Material provided.
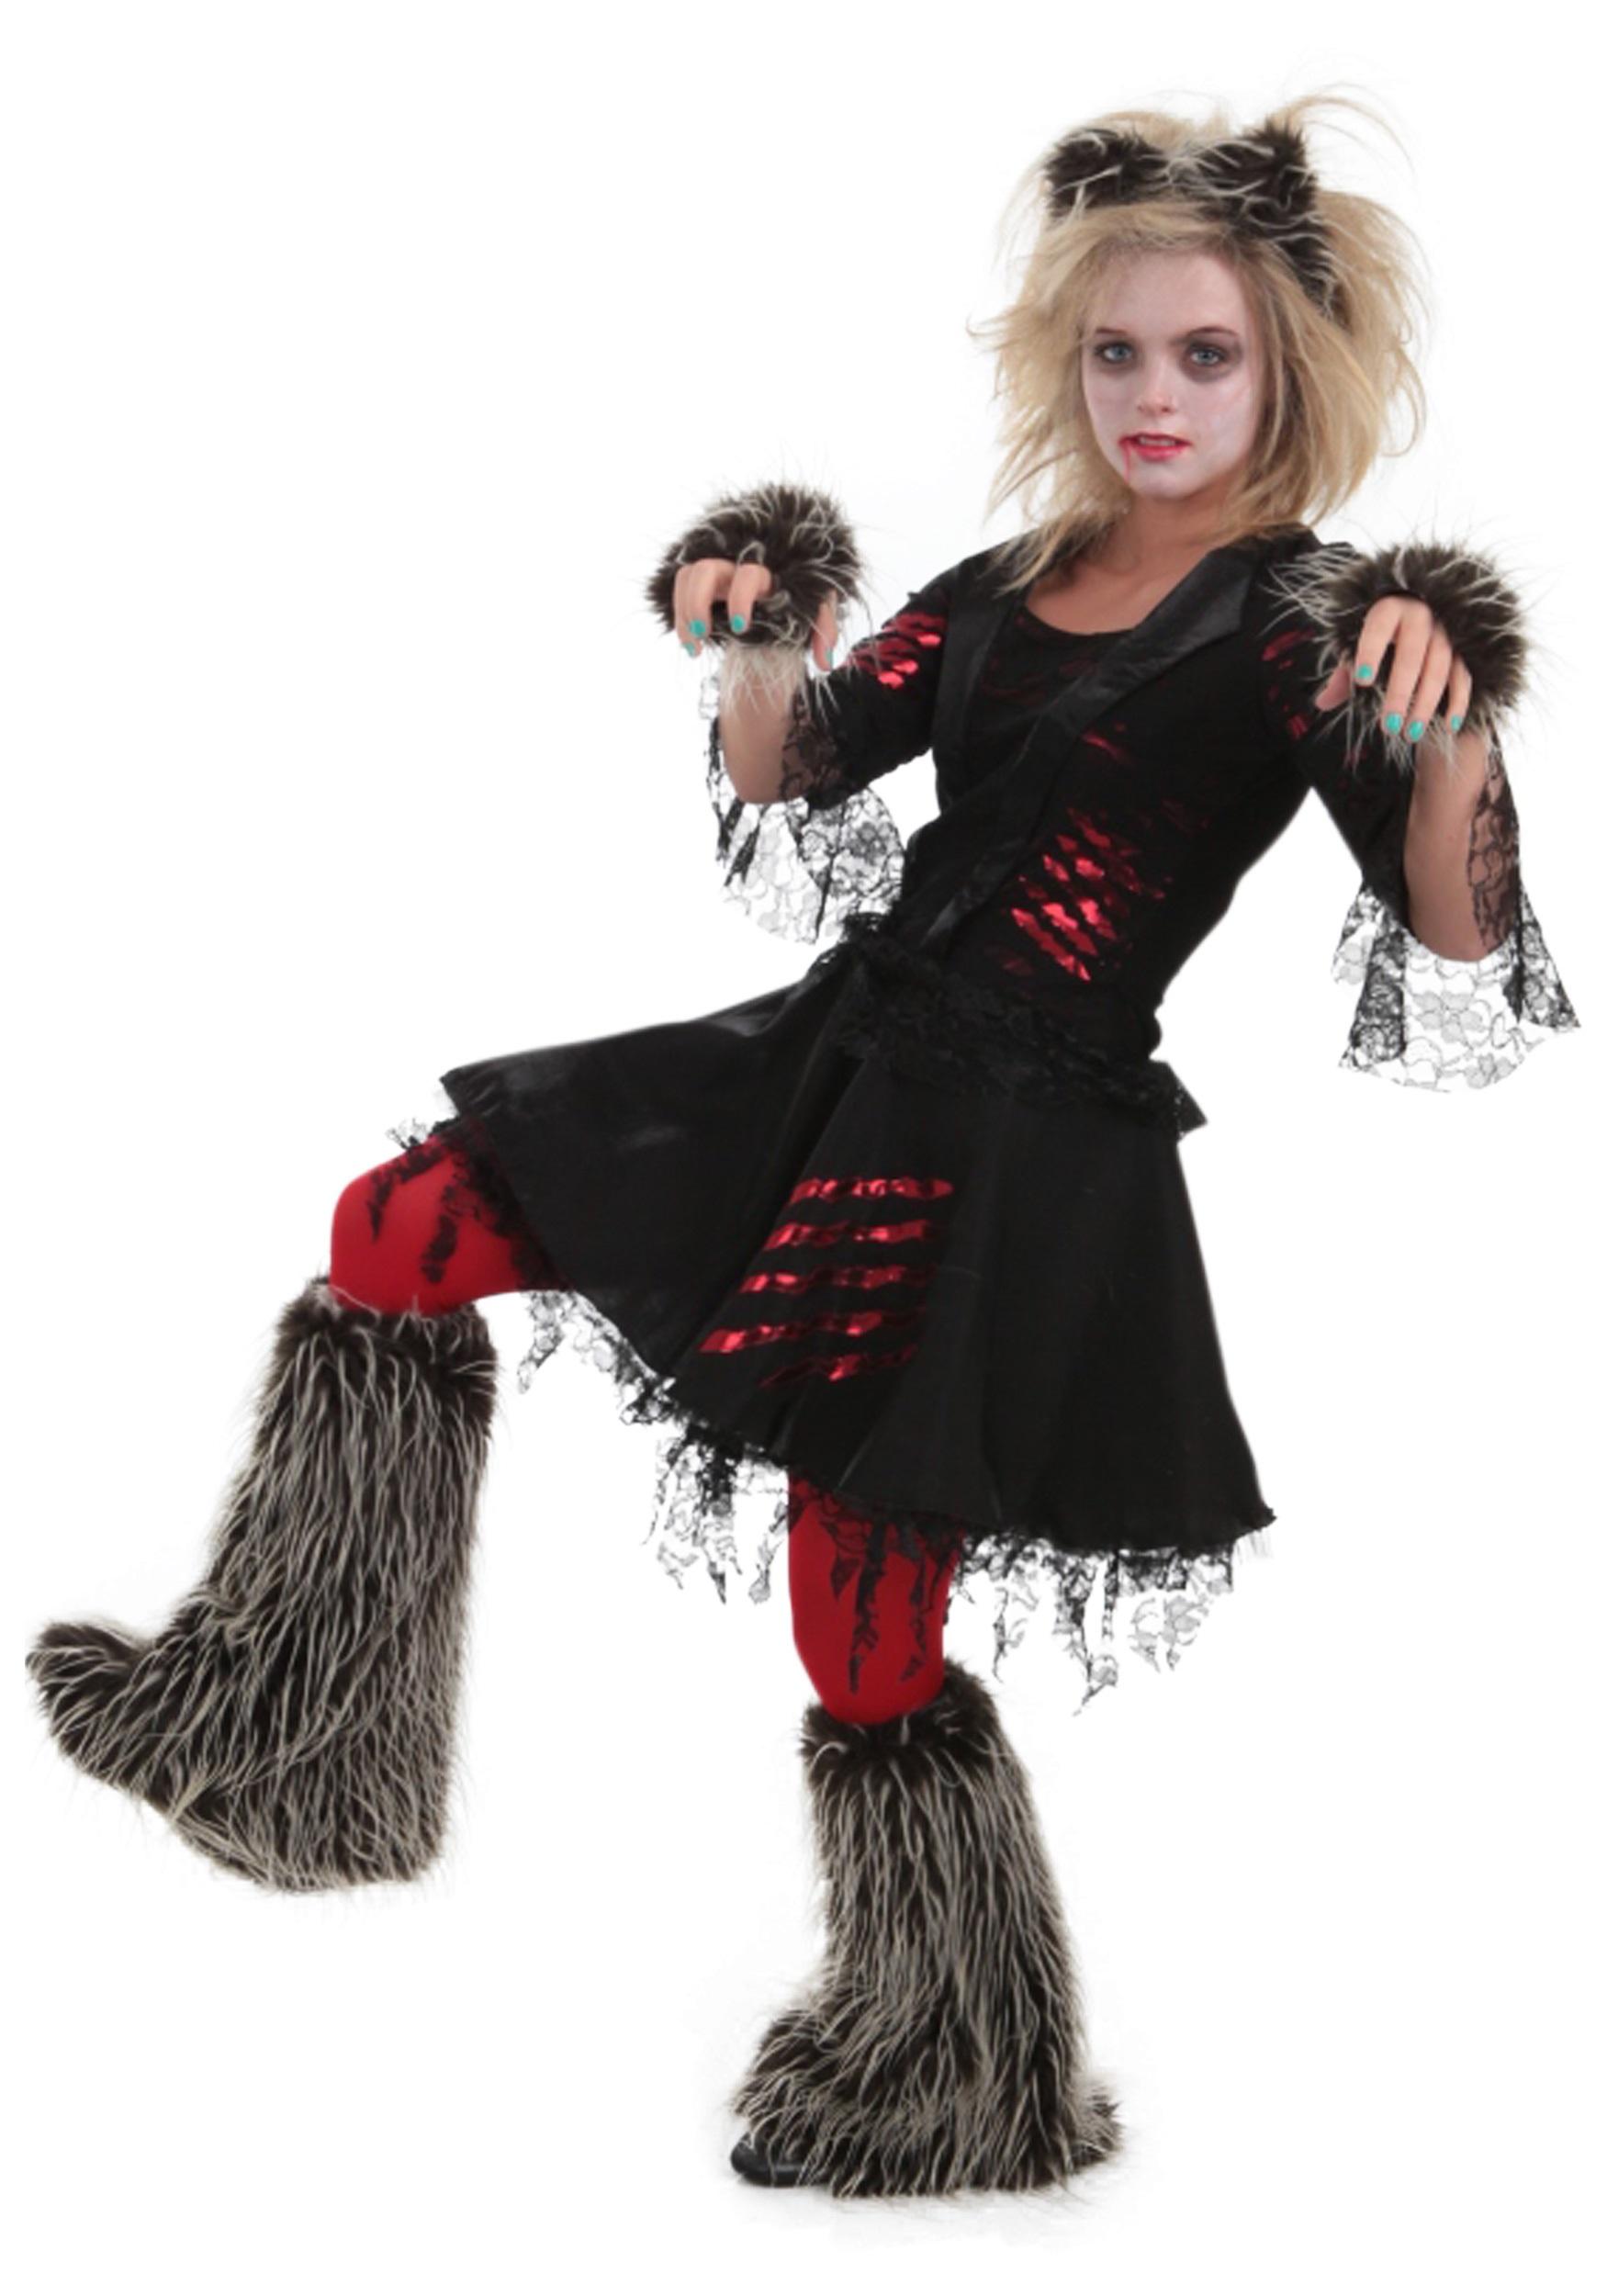 Werewolf Costume Halloween Wiki Fandom Powered By Wikia
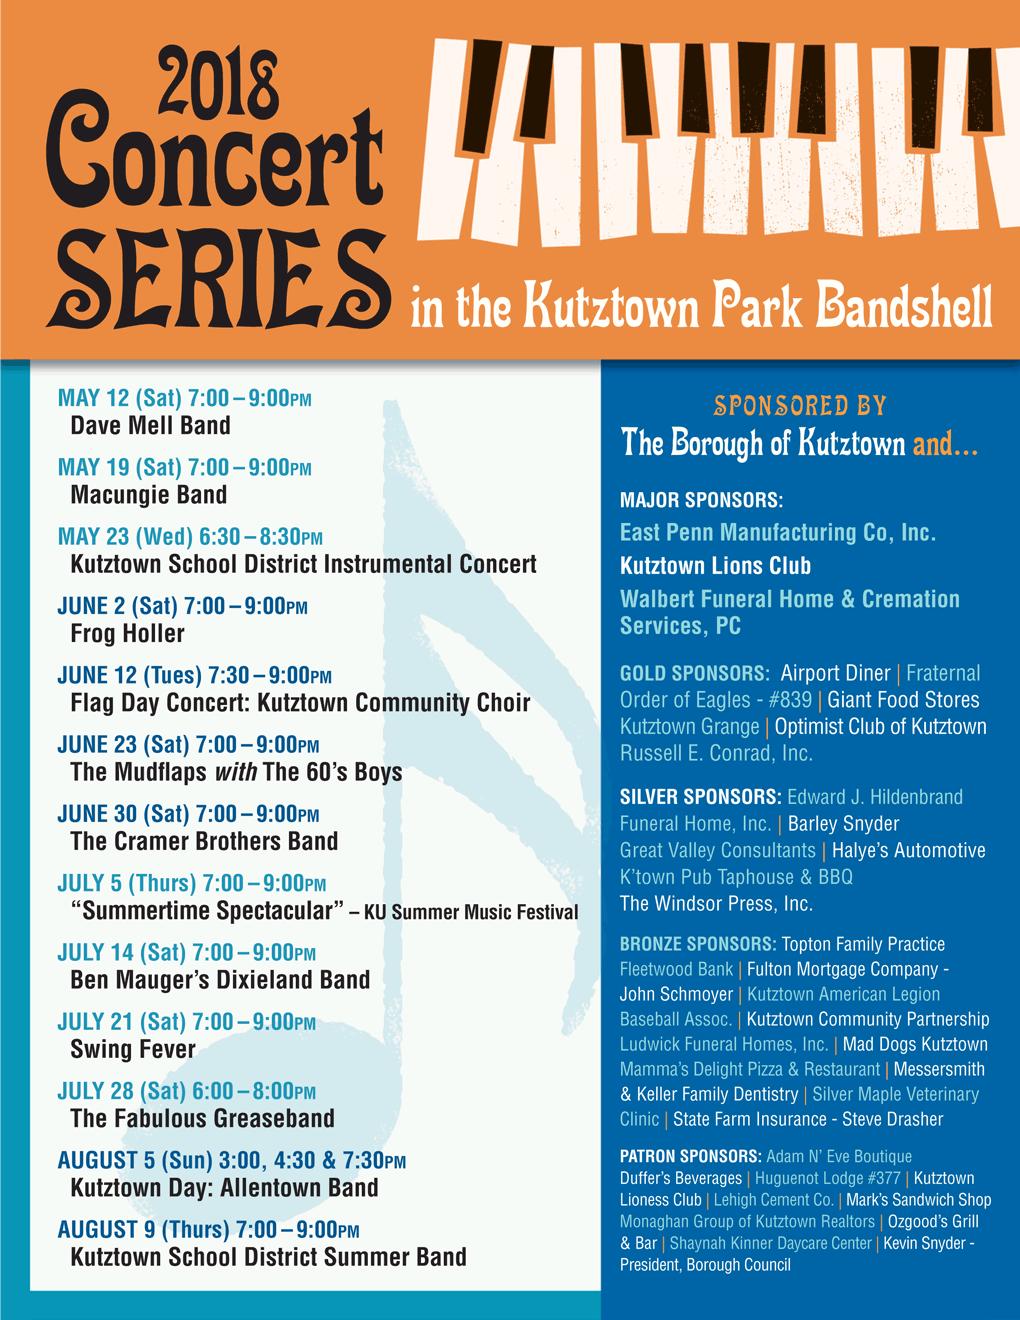 ConcertSchedule_2018_flyer_web.png
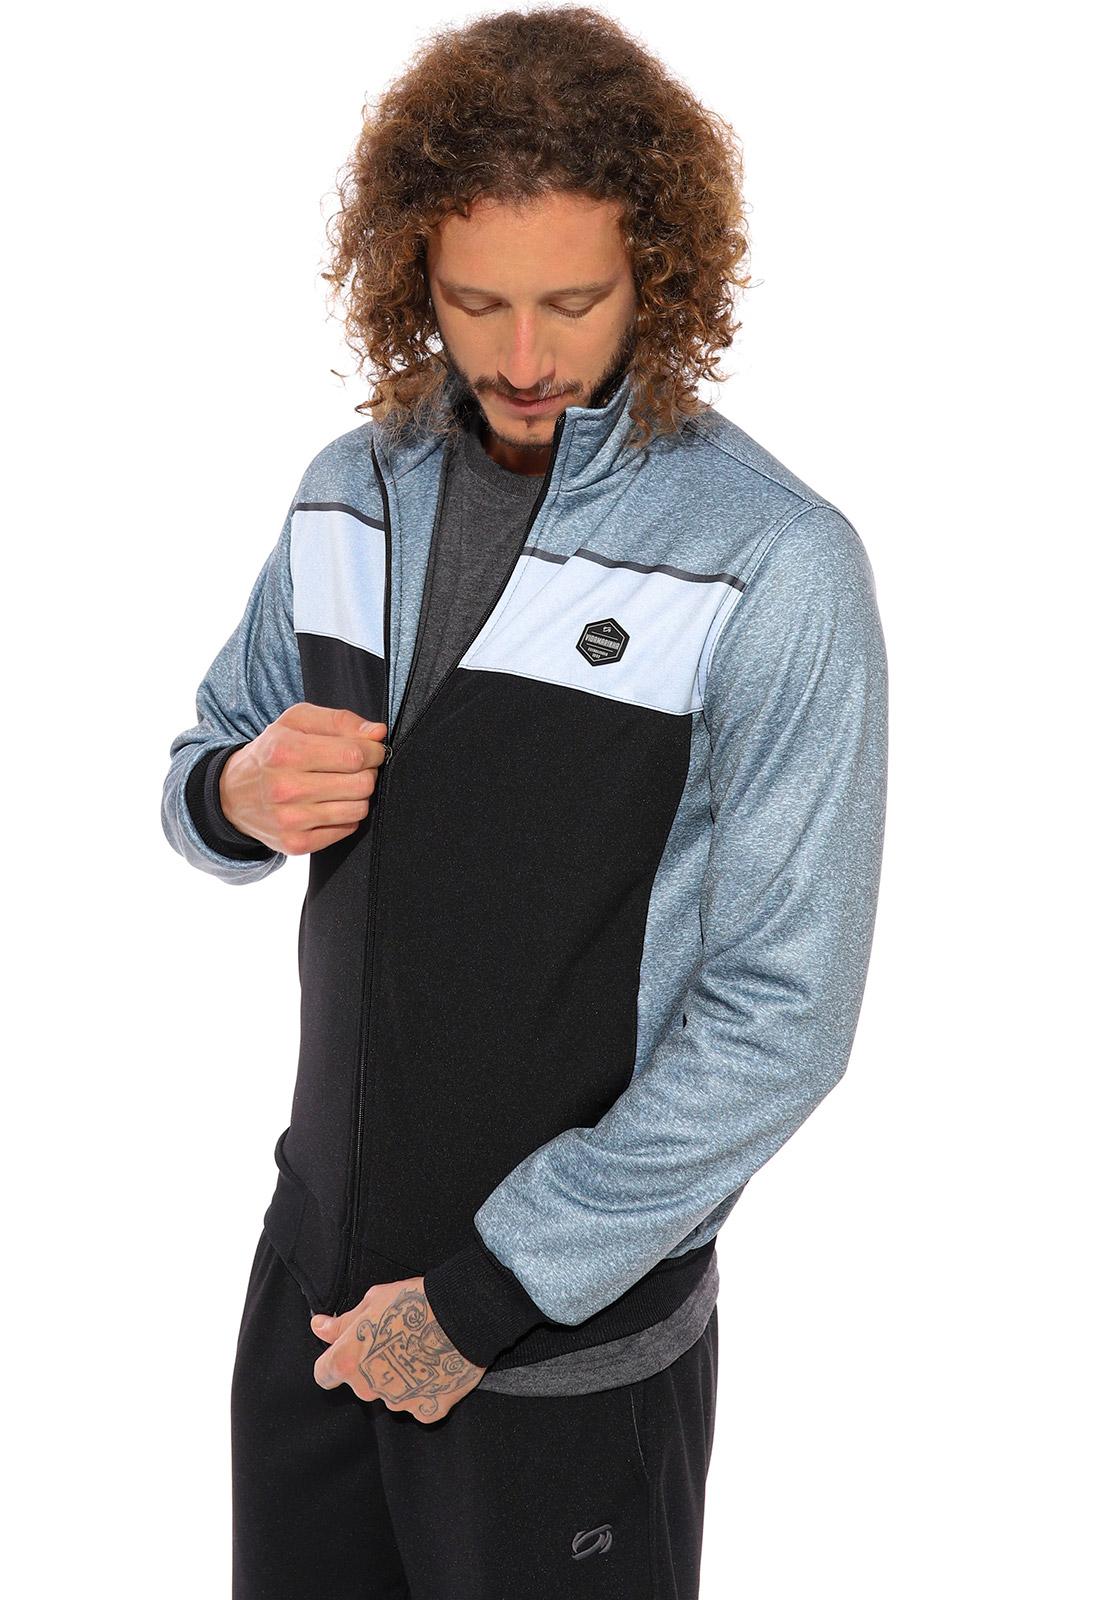 Blusa de Helanca Plus Size Vida Marinha Canguru Aberto Azul/Preto
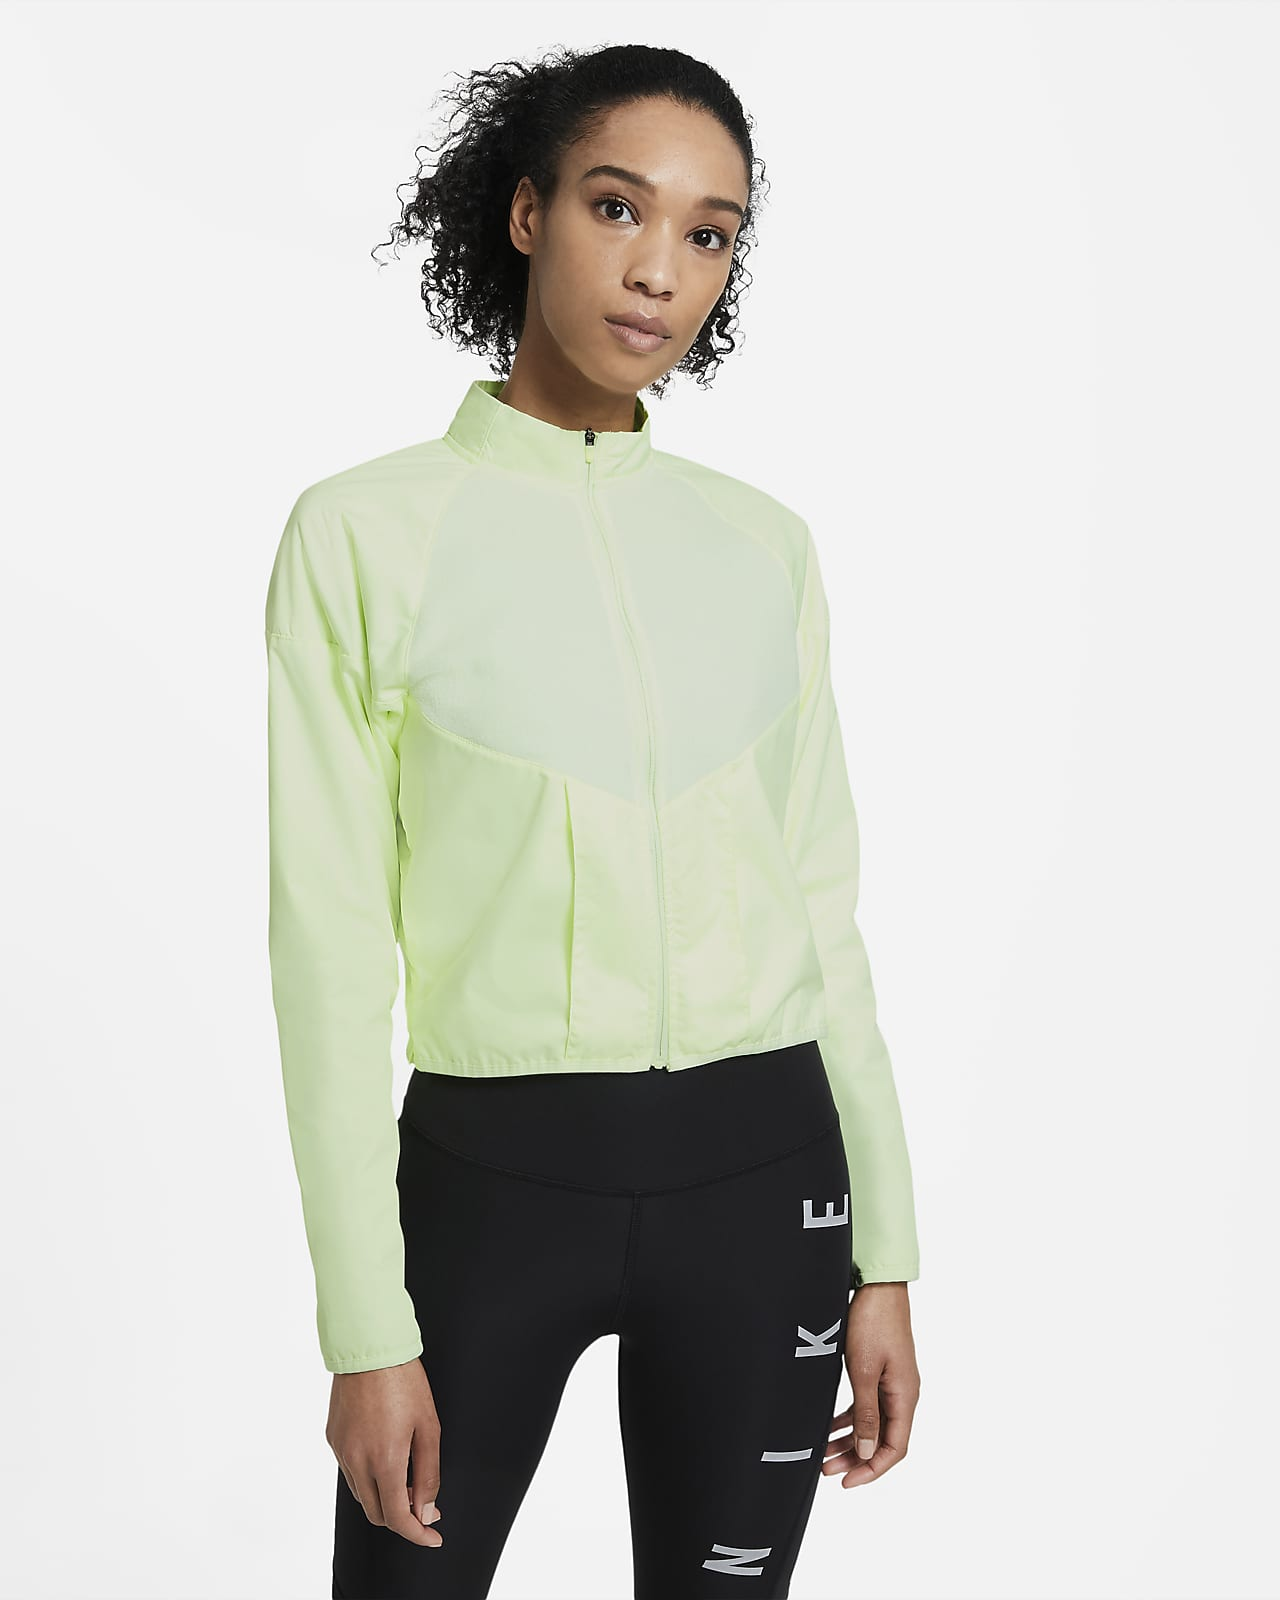 Nike Run Division Women's Running Top

Requirement. Starting at the line that holds "ConcertSchedule_2018_flyer_web.png", reproduce each line through the last one of the listing, and nothing more; the pictures stay out.

Response area.
 ConcertSchedule_2018_flyer_web.png
 Blusa de Helanca Plus Size Vida Marinha Canguru Aberto Azul/Preto
 Nike Run Division Women's Running Top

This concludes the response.